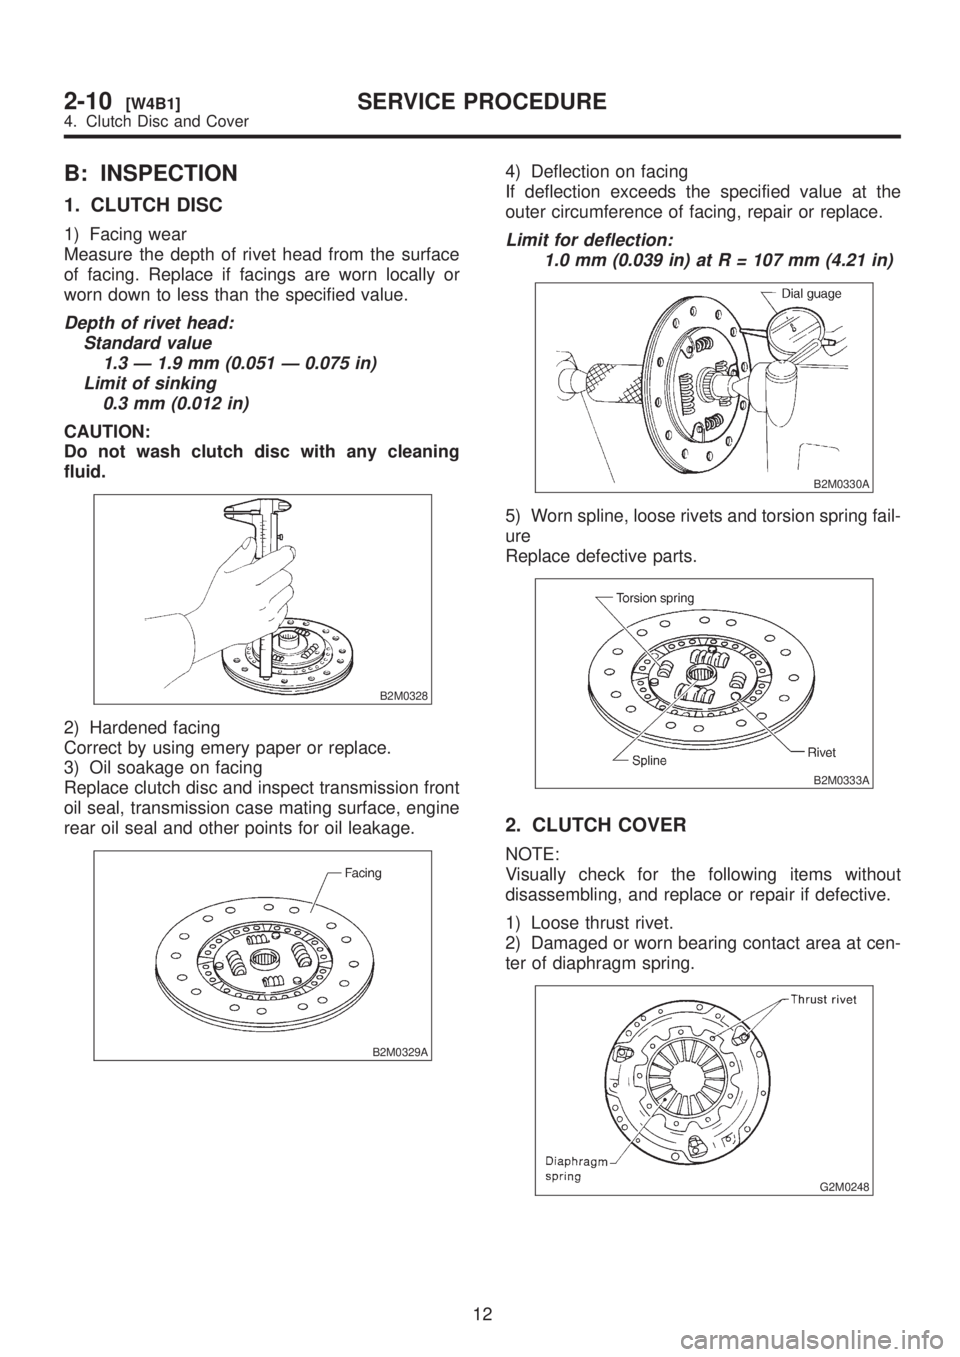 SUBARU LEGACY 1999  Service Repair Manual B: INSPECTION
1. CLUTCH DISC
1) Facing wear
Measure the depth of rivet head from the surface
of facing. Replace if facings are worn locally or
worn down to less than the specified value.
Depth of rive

» **Aim of the exercise**:
Produce an exact copy of each line from the one holding "1) Facing wear" through the last line of the records, both included, and nothing more.

» **Expected output**:
1) Facing wear
Measure the depth of rivet head from the surface
of facing. Replace if facings are worn locally or
worn down to less than the specified value.
Depth of rive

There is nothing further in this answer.